Arias' attorneys called Brewer as one of their first witnesses as they began mounting their case that Arias killed Alexander in self defense, arguing that Alexander was controlling and abusive toward Arias.

They asked Brewer to explain how he and Arias had been in a stable relationship for four years, from 2002 to 2006, and had bought a home together before Arias met Alexander at a business conference and began to change.

"I saw a lot of changes in Jodi. She became a different person than I had known previously," Brewer said, describing how Arias' behavior changed in May 2006 when she joined a company called Pre-Paid Legal. There, she met Alexander and began seeing him. She continued to live with Brewer.

"She had continued to pay the mortgage, but she was not paying other household bills, she began getting into debt or financial trouble," Brewer said. "For me it seemed she was not as rational or logical."

Arias also converted to Mormonism while living with Brewer, telling him that he could no longer curse and she would no longer have sex with him because she was saving herself for marriage.

The pair had previously had an "enthusiastic" and "aggressive" sex life, Brewer admitted to prosecutors. They had engaged in anal sex, Arias had taken nude photos of Brewer, and Arias had purchased breast implants in 2006, he testified.

Brewer said that after Arias began to change, he made arrangements to move closer to his son from his first marriage, and he and Arias broke up.
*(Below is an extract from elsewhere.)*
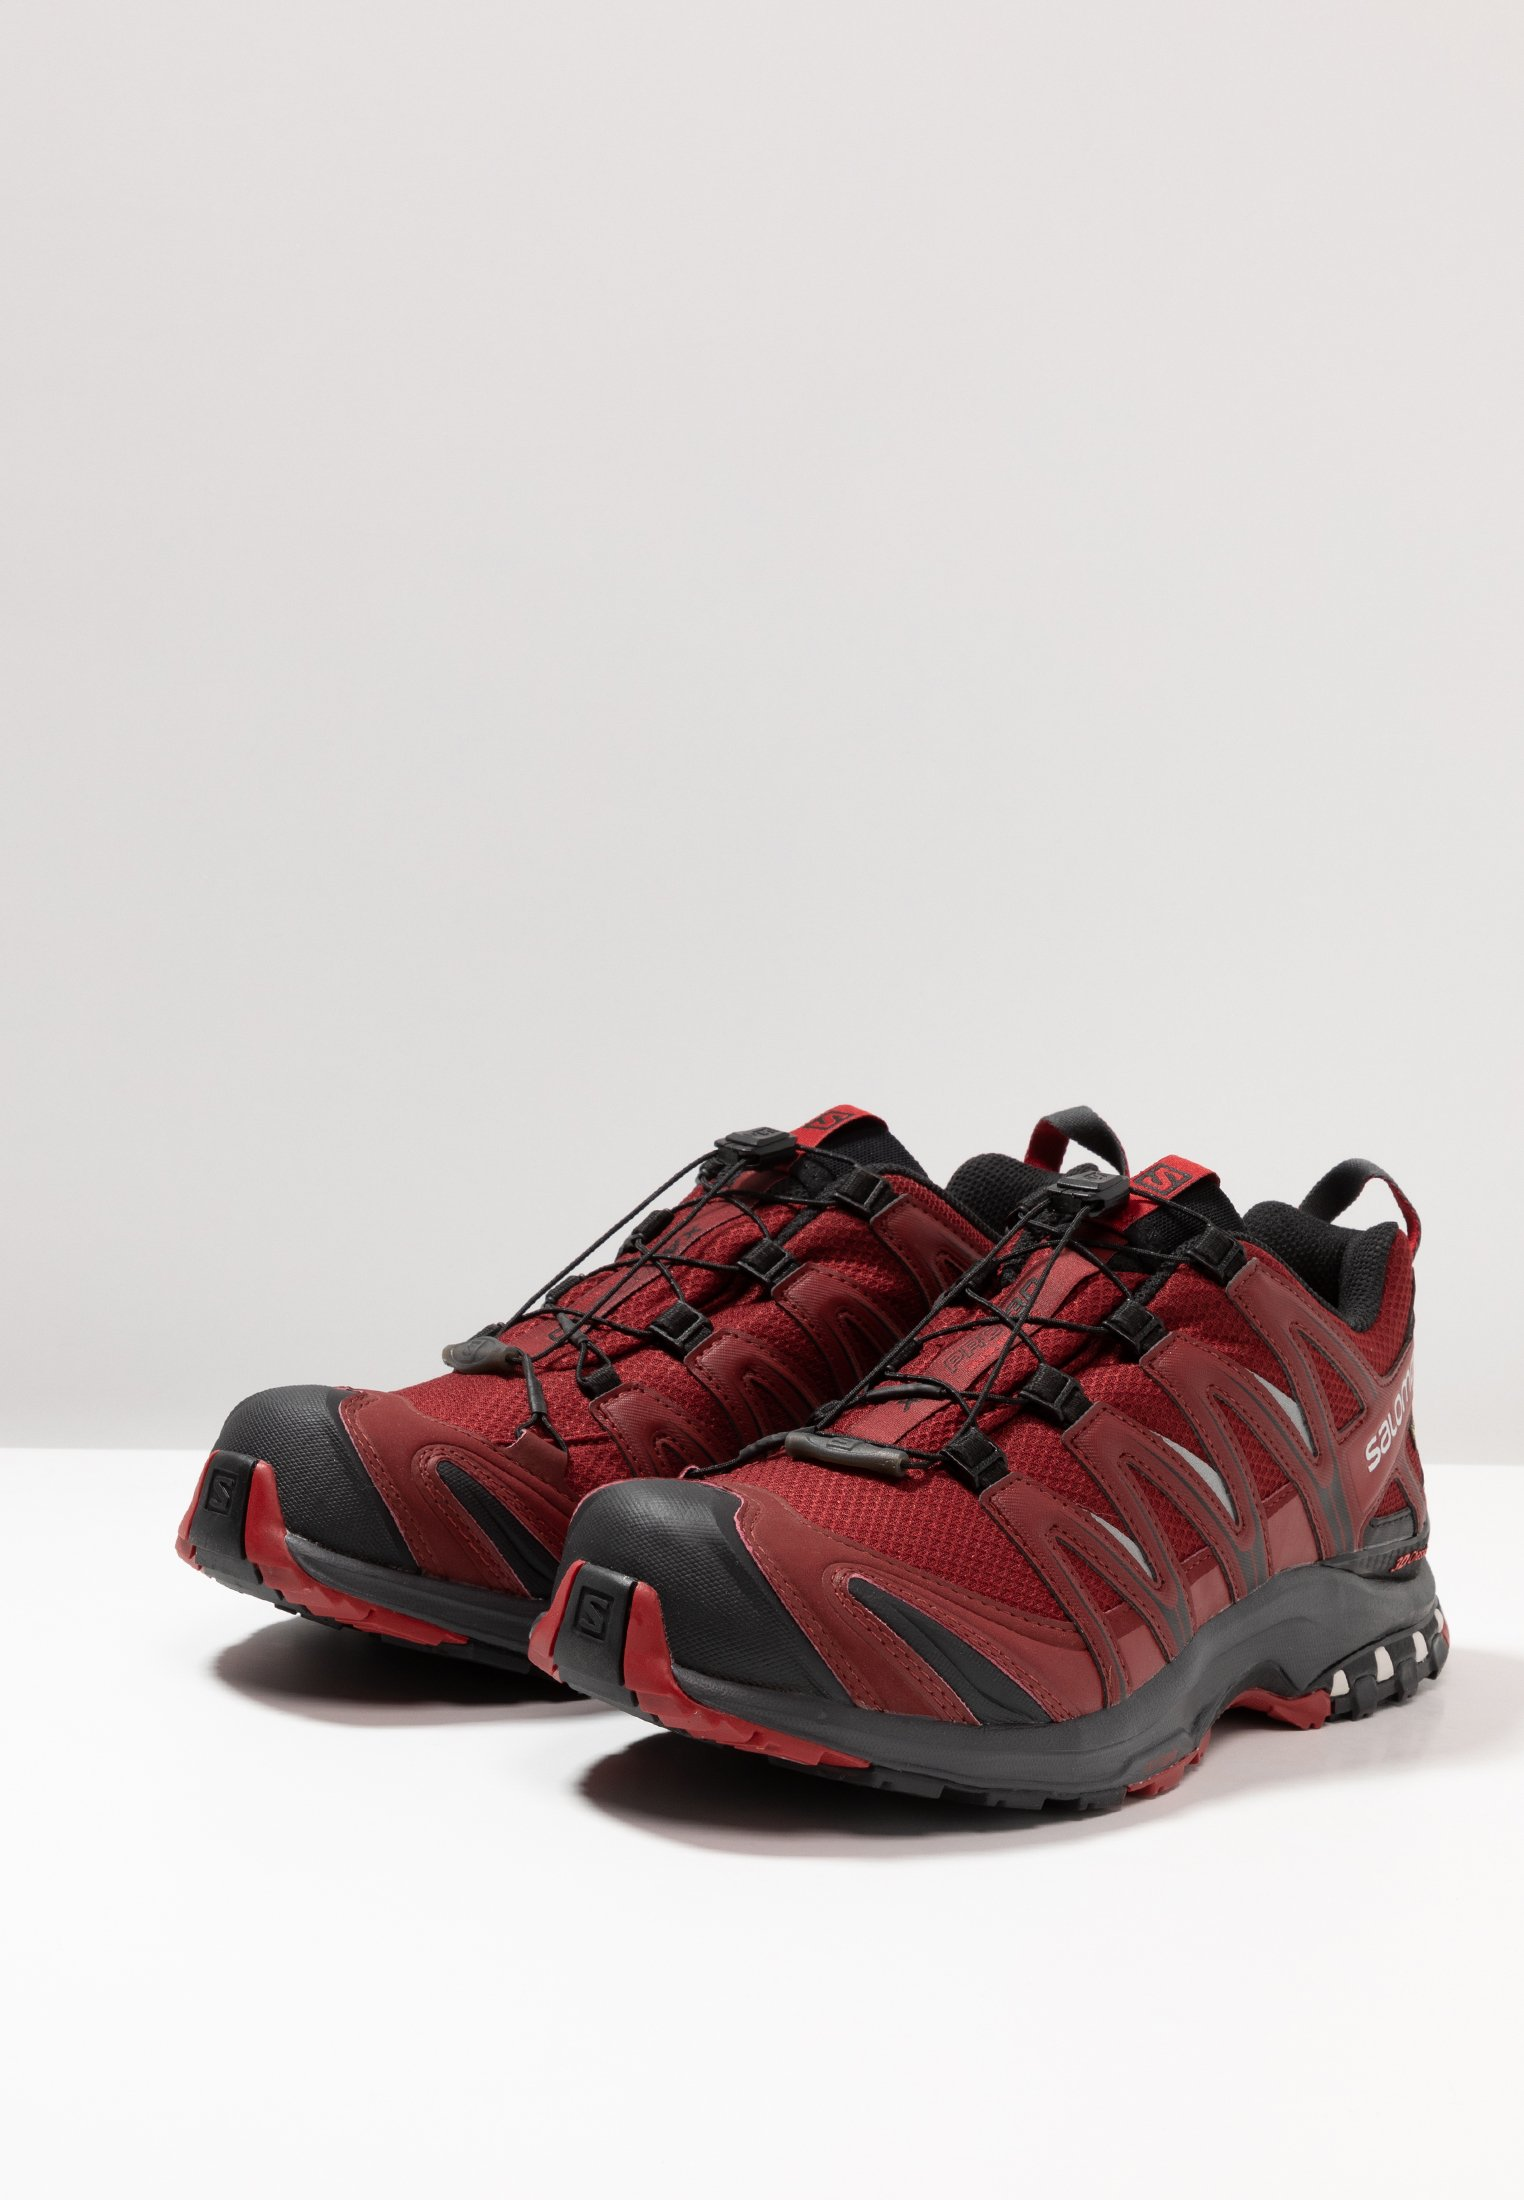 salomon xa pro 3d ultra 2 gtx red black sport

They kept in touch with occasional phone calls until Arias asked to borrow the gas cans in June 2008, and then called him a week after borrowing the cans to say that her friend had been killed.
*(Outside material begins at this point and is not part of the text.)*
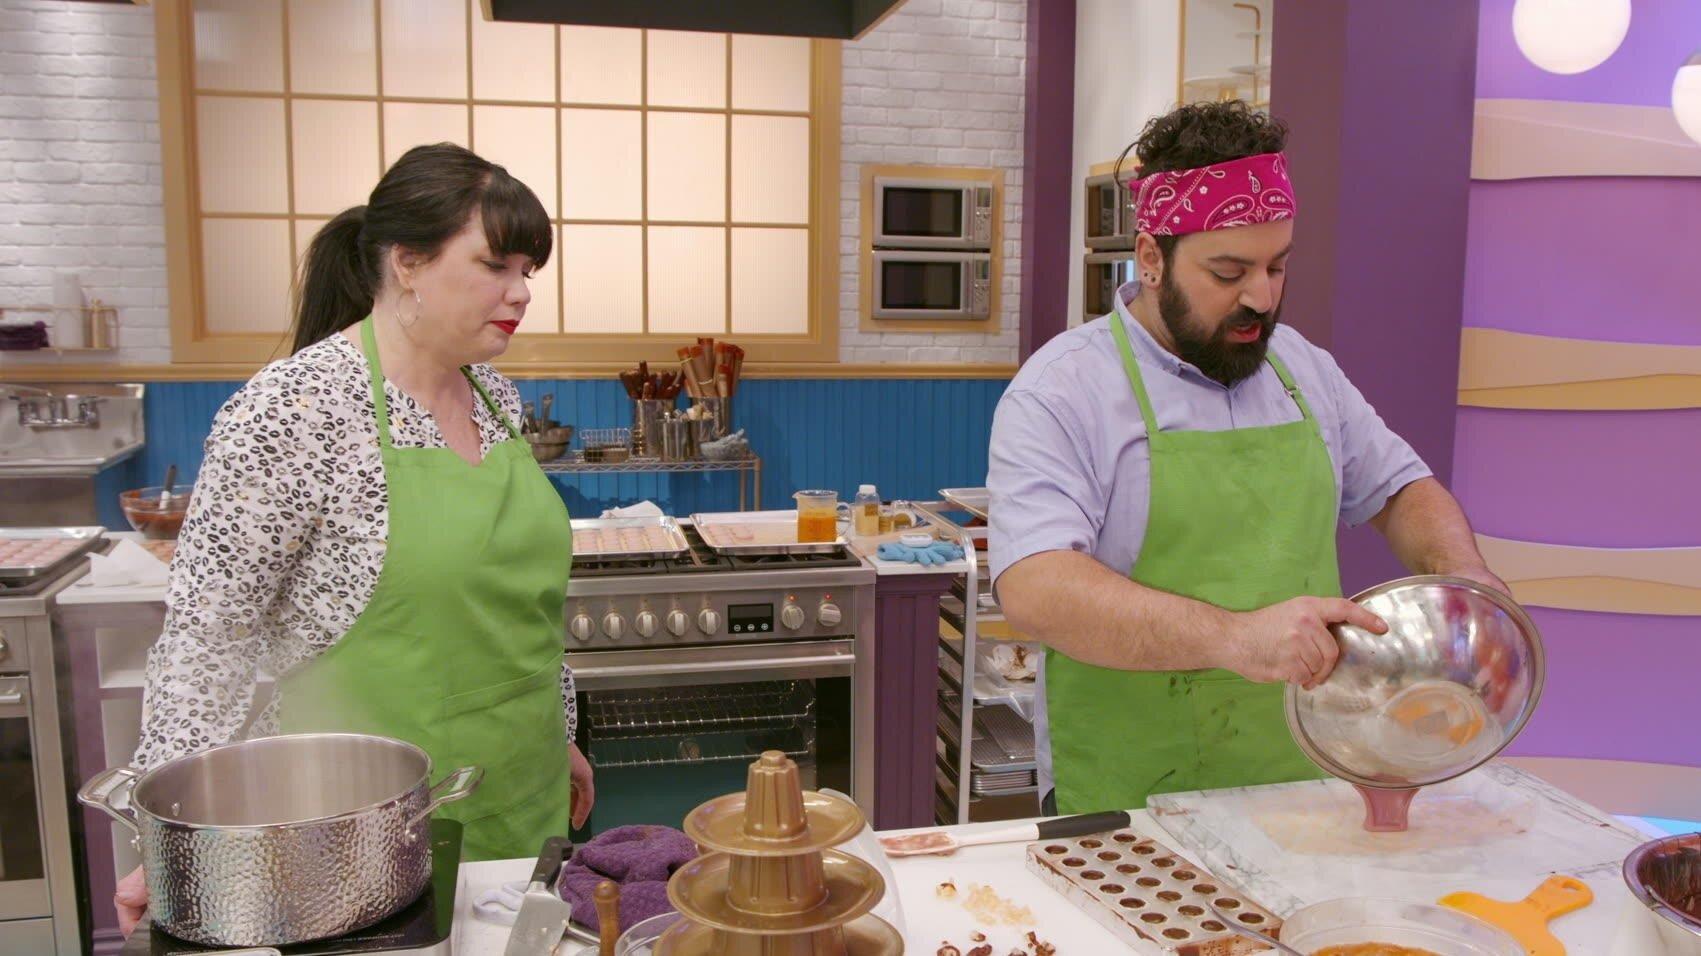 Great Chocolate Showdown — s01e08 — Good Things Come to Those Who Bake

Martinez, reading notes from an interview Brewer gave to authorities during the investigation into Alexander's death, asked if Arias had ever mentioned needing an "alibi." Brewer said he did not recall any conversation about alibis.

"After this date of June 4, 2008," Martinez asked, "you received a call from Jodi Arias, and she was very agitated?"

"She was sad," Brewer said.

"Did she tell you that her friend had been killed and she did not have an alibi?"

"I don't remember that," Brewer said.

Arias was arrested a month after Alexander was found dead, in July 2008.